When Tucker split his toenail, leaving the sensitive quick exposed, he was sentenced to several days wearing the dreaded Cone of Shame. Ever the terrier, he didn’t let it stop him from doing most of the things he loves (and was allowed) to do, including chewing a bone, with my help.
When he came back from the vet–the first time–Jasper and Lilah swirled around Tucker, performing a thorough examination of their brother. The cats drifted around his legs, their delicate noses twitching with the uncomfortable memories triggered by Vet Smell.
It wasn’t just Tucker that wished the cone would disappear. Tucker banged around the house, knocking into chairs, banging into the backs of my knees, and once almost scooping up tiny Elsa Clair, who meowed her irritation and fled upstairs.
After a few days, they we all learned to deal with the cone; it was part of Tucker now.
Except for Calvin.
He was fascinated by the cone, and would find ways to investigate it.

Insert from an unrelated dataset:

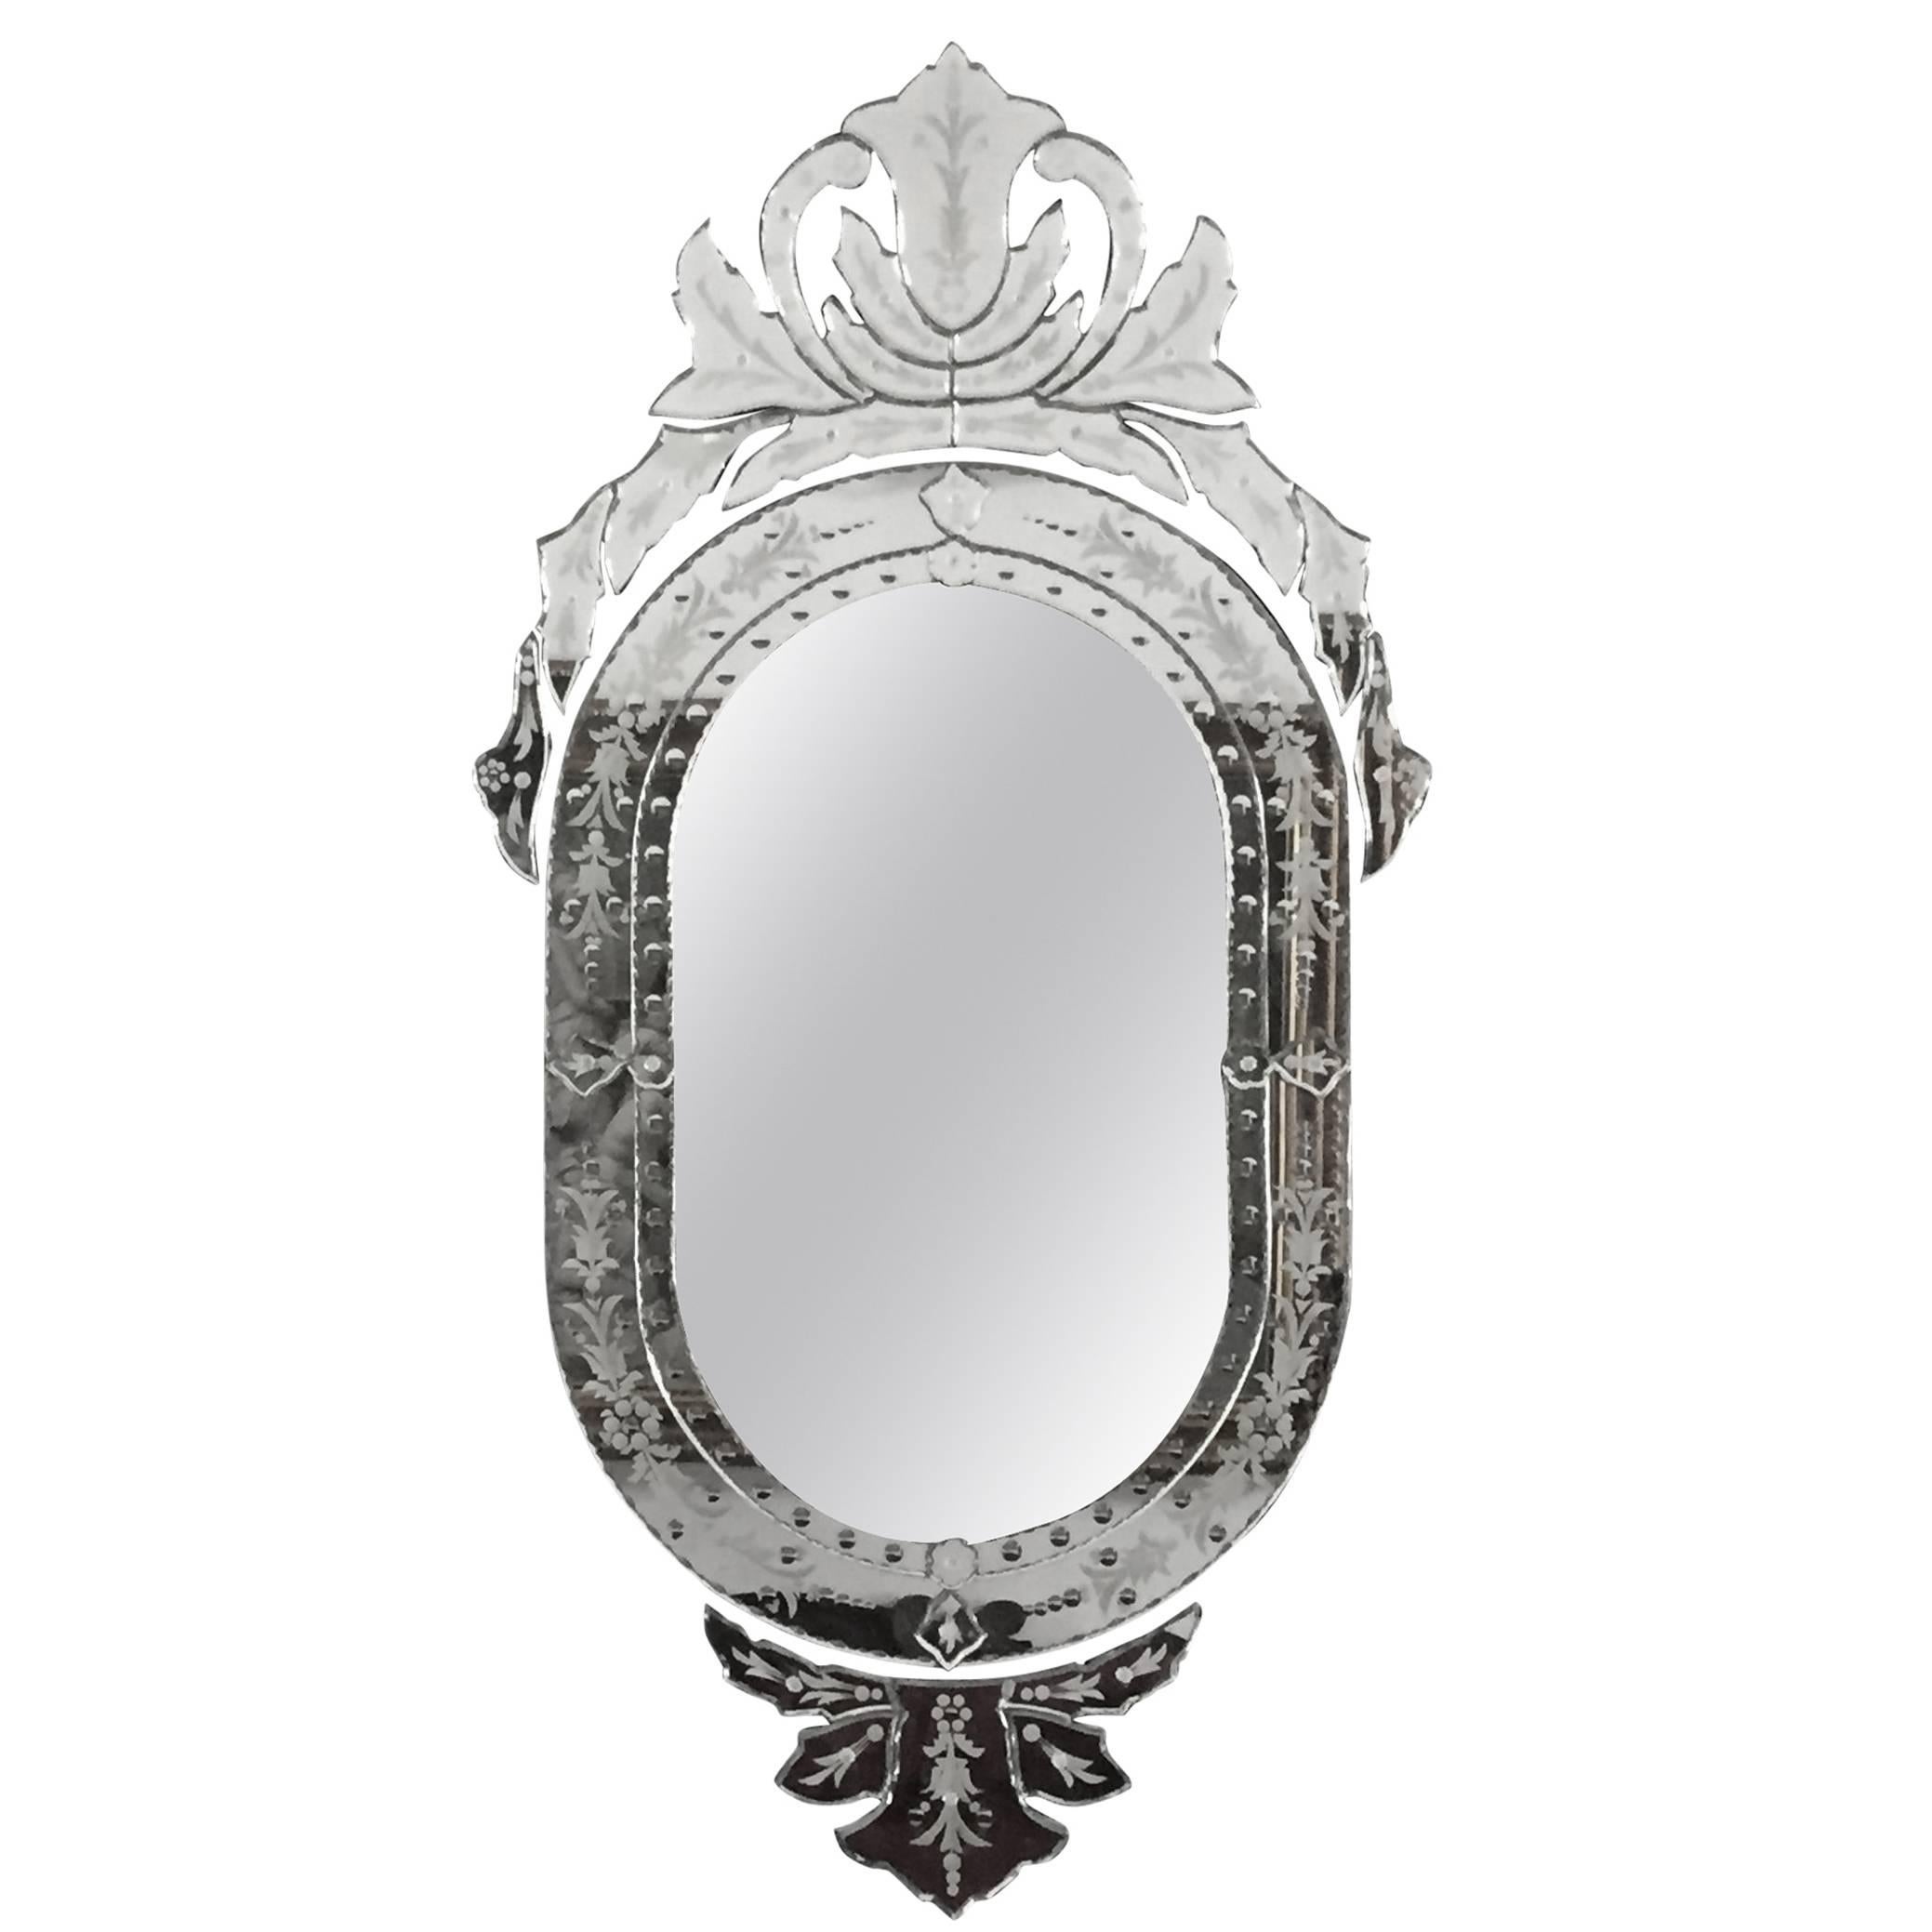 Beautiful Venetian Mirror with crest

Sometimes he stuck his head all the way inside.
Tucker, who is one who loves to cuddle real close with his dog and human family, is usually a little wary of the cats. When he’s in our bedroom and his feline siblings walk in, he’ll slowly get up from his preferred spot on the bed, jump to the floor and army crawl his way underneath, squeezing himself into the darkness.
If I were to guess, this precaution is related to the Ambush the Dog game Miss Athena plays when the mood strikes her. Positioning herself on the corner of the family room table, she waits for Tucker to walk by in an attempt to get someone to throw his Ball. If he gets close enough, she delivers a formidable hiss/swat combination. The dog is stymied, unable to engage in his favorite activity. Tucker proceeds with caution when the cats are around.

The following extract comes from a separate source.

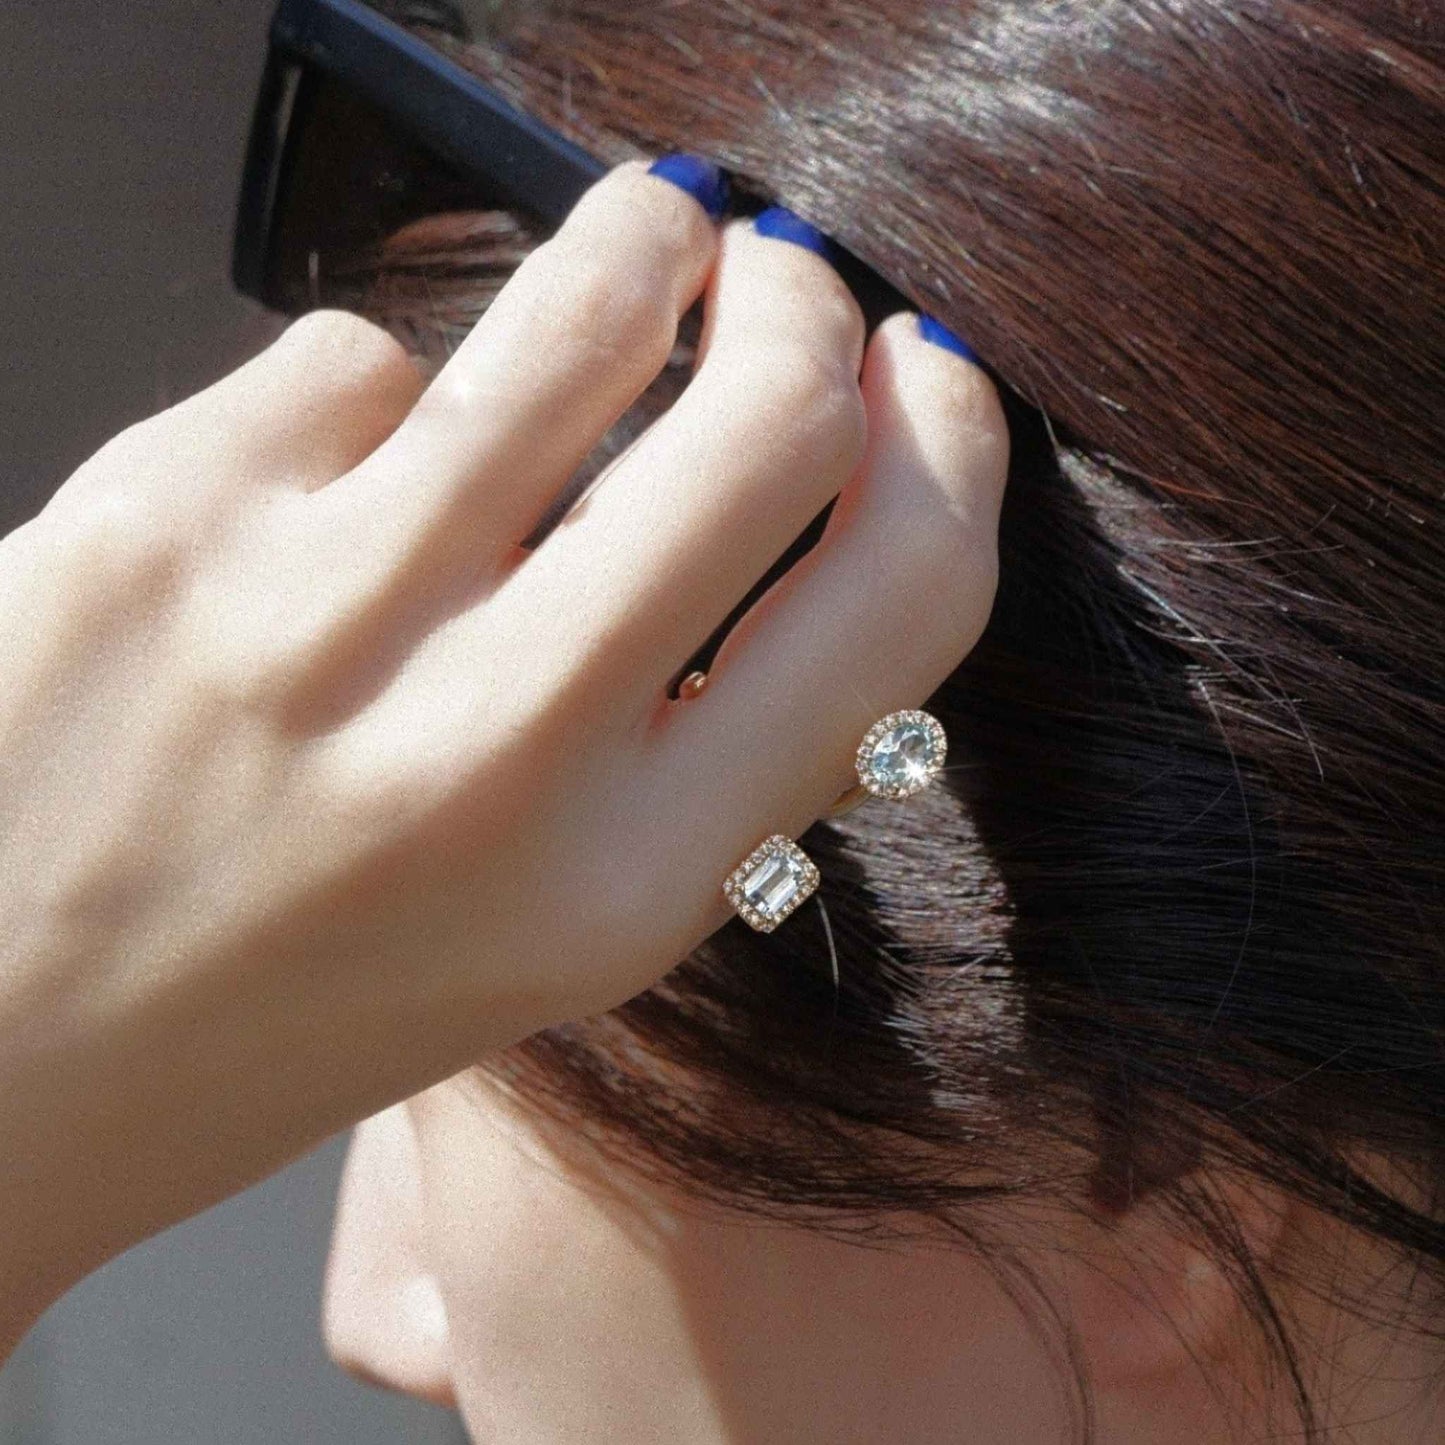 new basic collection / aquamarine diamond double halo ring Pt950

Now here was Calvin. In. His. Space.
About as in his space as one can get.
Tucker seemed a little concerned, but Calvin is the one among the cats that truly seems to like the dogs. He’ll curl up next to them, rub their heads when he can reach.

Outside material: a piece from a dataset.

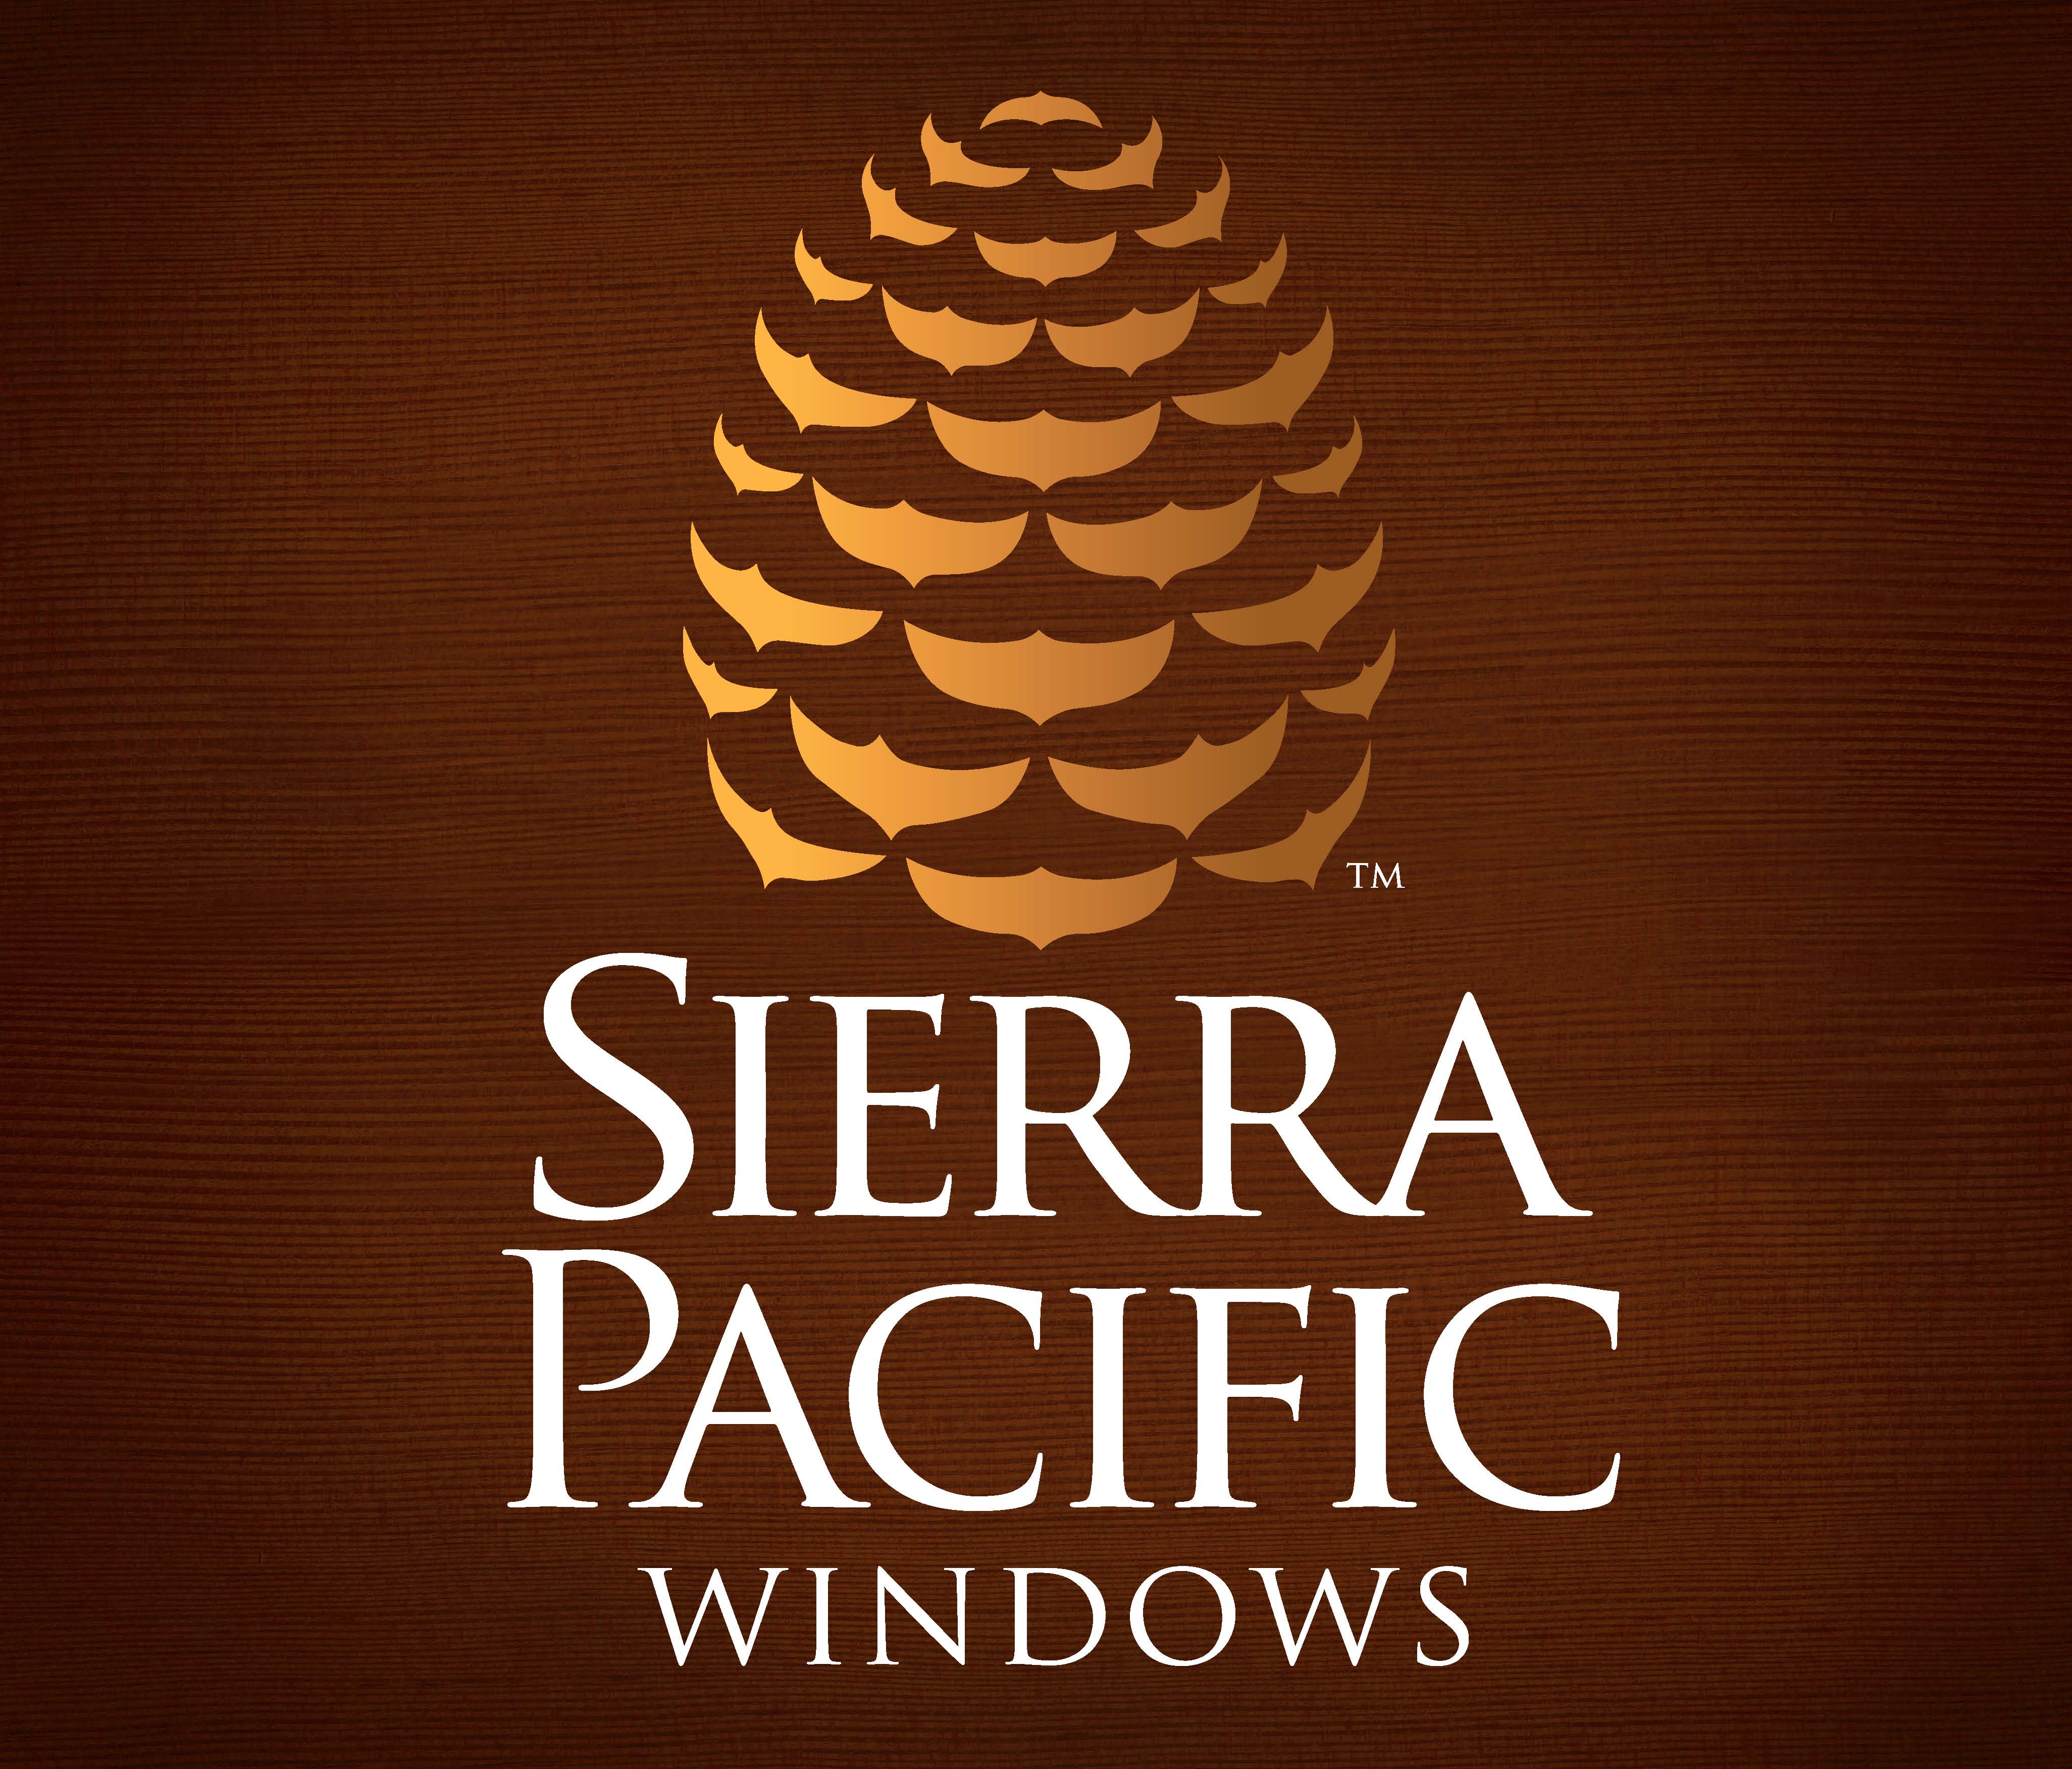 Sierra Pacific Constructors Logo photo - 1

One night, Tucker was feeling a little sad; he was uncomfortable, it was raining, I had tied a plastic bag around his foot when we went outside, and he couldn’t play Ball.
Calvin jumped up on the ottoman, and leaned in far enough to reach Tucker’s head.
He buried his nose in the dog’s scruffy fur. Then, he slipped his tiny pink tongue out of his little cat mouth and began grooming him. Tucker closed his eyes, appreciating the the thoughtful attention.
Let others say I was reading too much into this action. But I know Calvin was showing love for his brother.
Do your pets know when someone in the family–canine, feline, human or other–is sick or sad? How do you know? How do they show their love and concern?